Andrew Glyntzos (18:11.726)
I think SEO is also, mean, I would, you would be careful with the PBNs in all because I don’t feel like anyone would really do them well. And if Google, I mean, it’s one of those things where, hey, look, if I get four or five links from legitimate sites, is that going to help? mean, whether you call that a PBN, if these sites are building legitimate content and they’re generating legitimate links and they’re not a link farm.
Right. And they’re only linking out a few times and they’re generally only linking to higher authority sites, not just seem to be just linking out to car sites and their garden. You know what mean? So I mean, you could call something like a PBR like that and it would get results. Well, of course it would, because what are they doing differently if they’re generating high quality links themselves, they’re producing high quality content, they’re user centric first and they just got this advertising part of their business to help them generate income.
Rye Smith – Spruik Digital (18:47.454)
Yeah
Andrew Glyntzos (19:04.91)
Well, how does Google know what a sponsored link looks like if it’s not even written as sponsored? So how will they know? But you’ve got to be careful because when you say PBN in Australia, people are going to start looking at what a PBN has traditionally been.
Rye Smith – Spruik Digital (19:08.466)
Yep, bingo. Yep, correct. Yeah. And I, yeah.
Rye Smith – Spruik Digital (19:22.026)
I think my definition of PBN is group of sites where you can grab some nice links from it. I just don’t think it’s done really well in Australia. You remember how they used to be magazine groups? So, know, again, the death of the magazine, but 15 years ago, you’d have APC, who would actually own, you know, they’d have a PC magazine, they’d have Women’s Weekly, they’d have all these different sort of, you know, categories or your interest groups.

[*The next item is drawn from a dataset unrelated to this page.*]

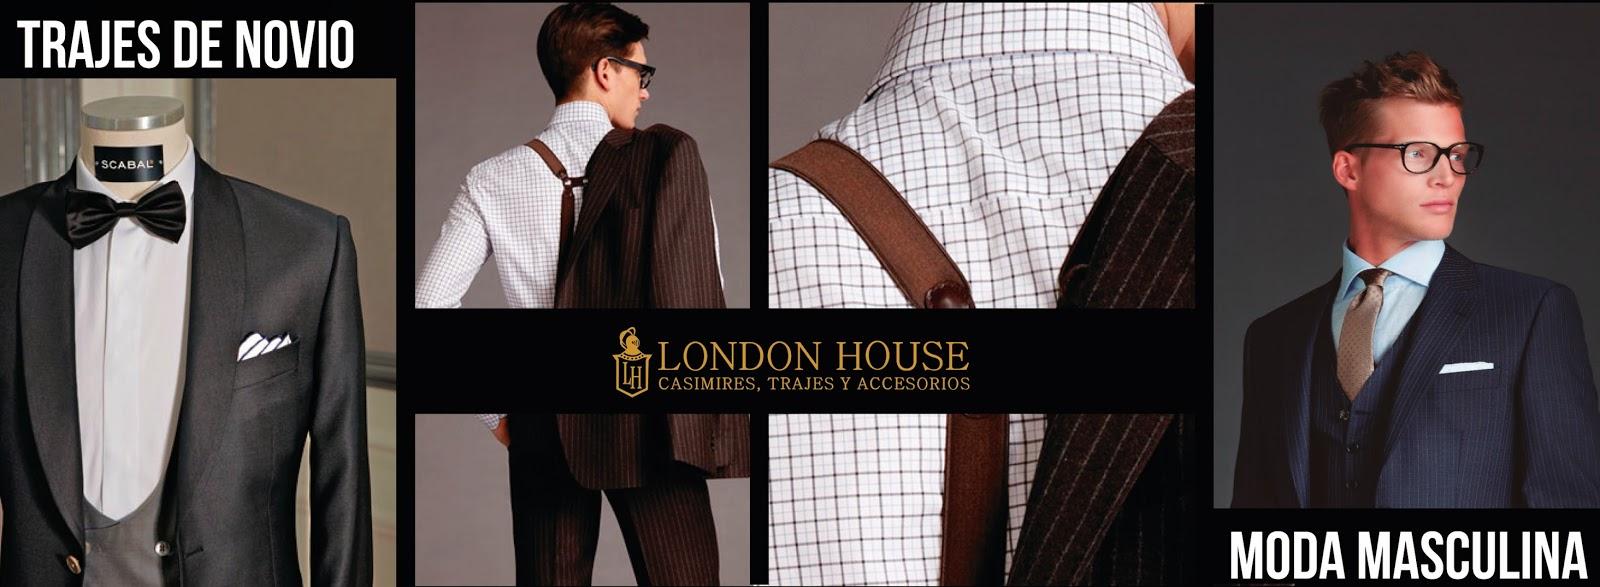 http://www.londonhousecasimires.com/

you don’t outside again outside of the major media players who you know have everything on their sub domain. I think that’s a massive opportunity for you know a media group or an agency to actually spin up hey let’s let’s put out some really good content and let’s actually use that as a bit of a back linking sort of place.
Andrew Glyntzos (19:52.92)
Mm.
Andrew Glyntzos (20:04.182)
I mean, if you’re having a look at like, they’re doing it in the fashion space. So you will have obviously like a group of syndication of sites and they will come and approach me and my clients and say, hey, look, are you interested in advertising? Here’s our like five or six sites. It will charge like 25 grand. And basically we’ll put your link in an article, we follow blah, blah, But I’m like, but.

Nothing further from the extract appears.